An Orange County audit of pandemic-era contracts found the county waived key oversight on how tens of millions in public money was spent. The findings, issued late Wednesday, came after county supervisors ordered an inquiry in September spurred by LAist’s reporting on millions of taxpayer funds that officials said they could not account for.
Auditors have referred two contracts to the O.C. district attorney and county counsel for further investigation:
- A $1.2 million contract former representative and then-Supervisor Michelle Steel gave her campaign mail printer.
- A $2 million contract with a company that made payments to a restaurant at the center of a wider corruption scandal.
Among other findings of the internal audit:
- Only four out of 15 beneficiary agreements funded by American Rescue Plan Act (ARPA) dollars — which went to cities and nonprofits to address pandemic costs — included oversight to check if taxpayer dollars were used as intended.
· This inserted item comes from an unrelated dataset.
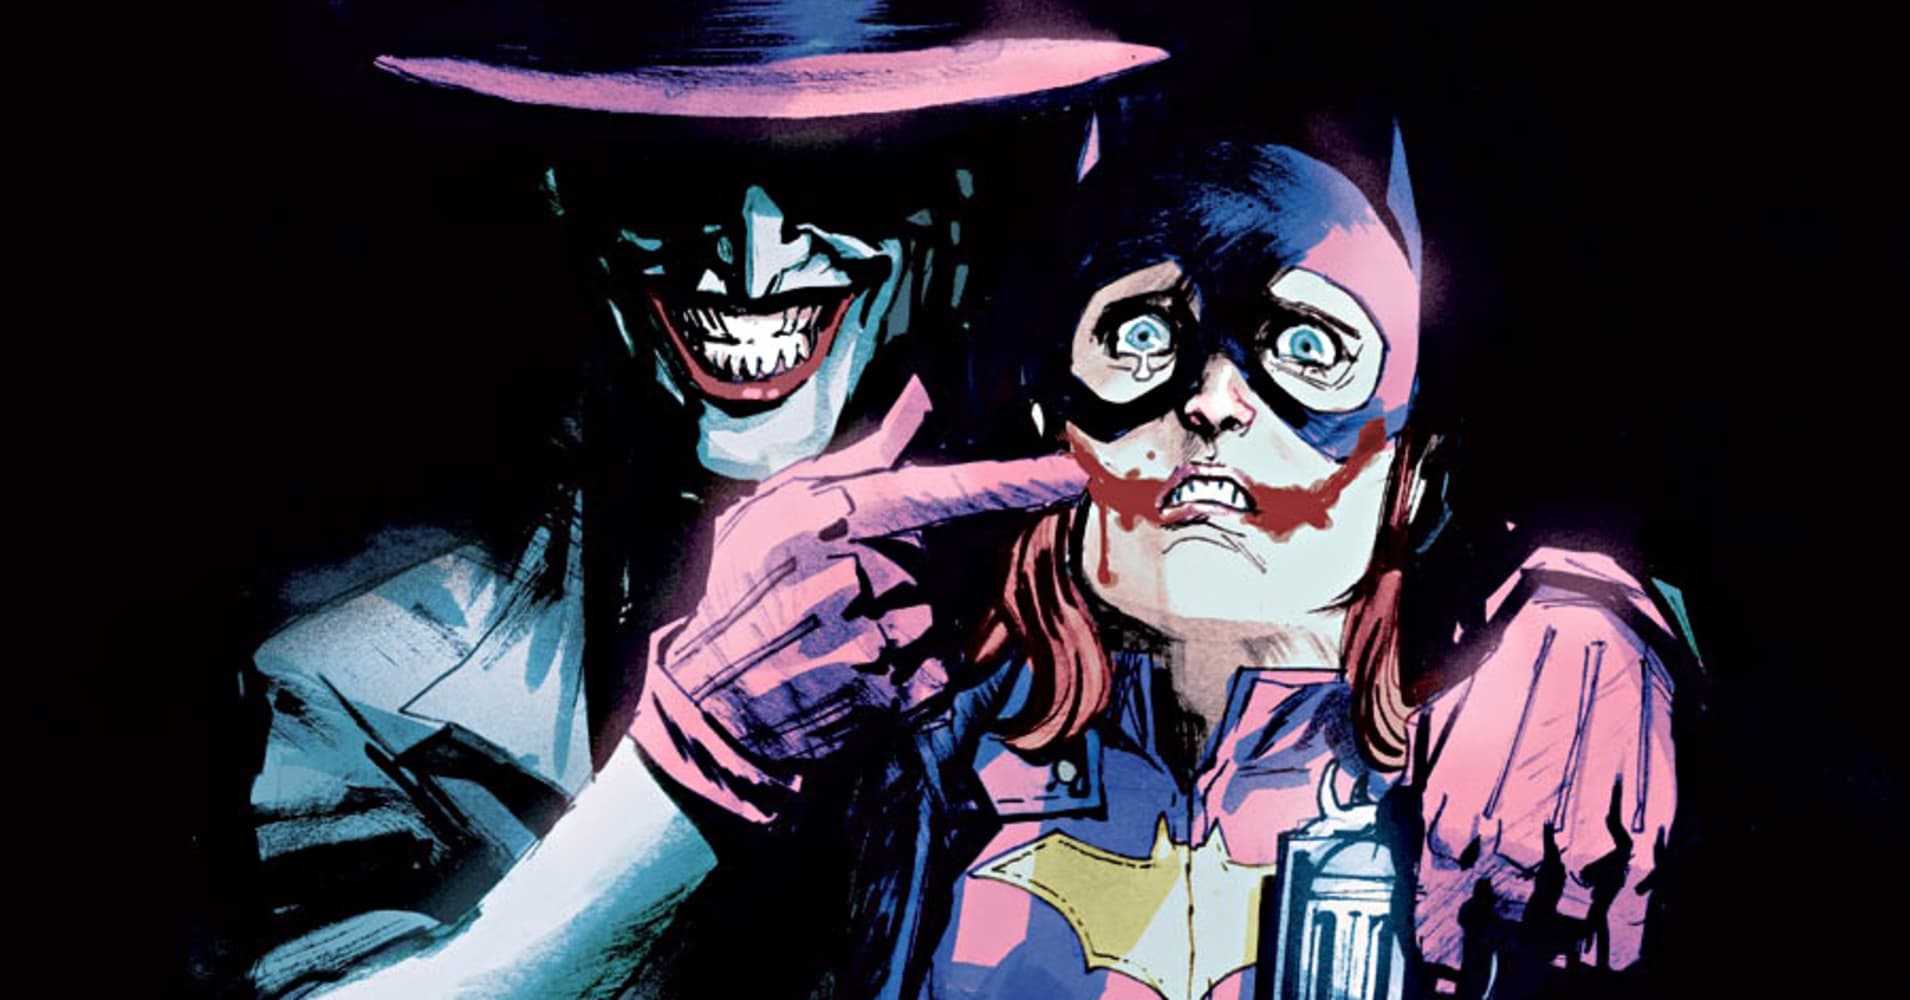 Dc S Batgirl Triggers Unlikely Furor Over Sexism Censorship
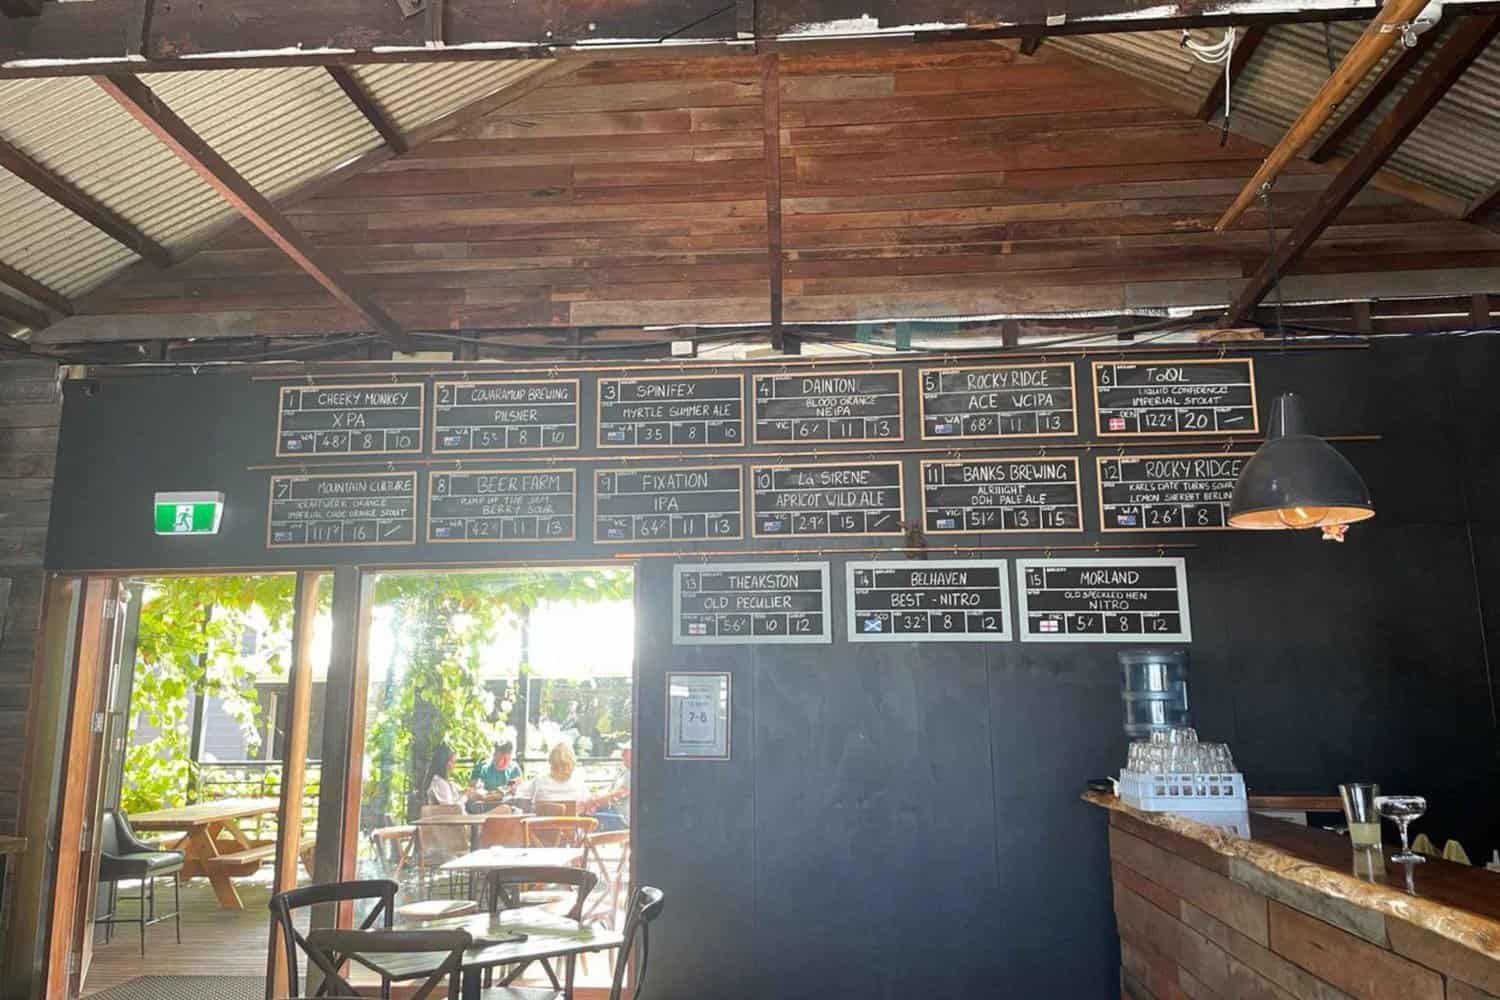 A price wall at the Tap House in Cowaramup showcasing all the different types of local beers on tap. The wall features a list of each beer's name, alcohol percentage, and price per pint. The labels and fonts are artistic and eye-catching, making it easy for customers to choose their favorite brew.

- Around $850,000 of ARPA dollars were used by the county to fund gift cards during the pandemic. Auditors recommended that departments should implement a system matching signatures with recipients to ensure that those who needed them got them.
Auditors said more broadly that county leaders, including the chief executive’s office, should take steps to strengthen the current guidelines for monitoring contracts, including having a process to evaluate risks. In response, the CEO’s office said numerous changes have been made to address shortfalls, including processes to check if contractors or vendors are in good standing. The CEO’s office also said that the county has implemented measures requiring that contractors report and document that dollars are spent according to the contract.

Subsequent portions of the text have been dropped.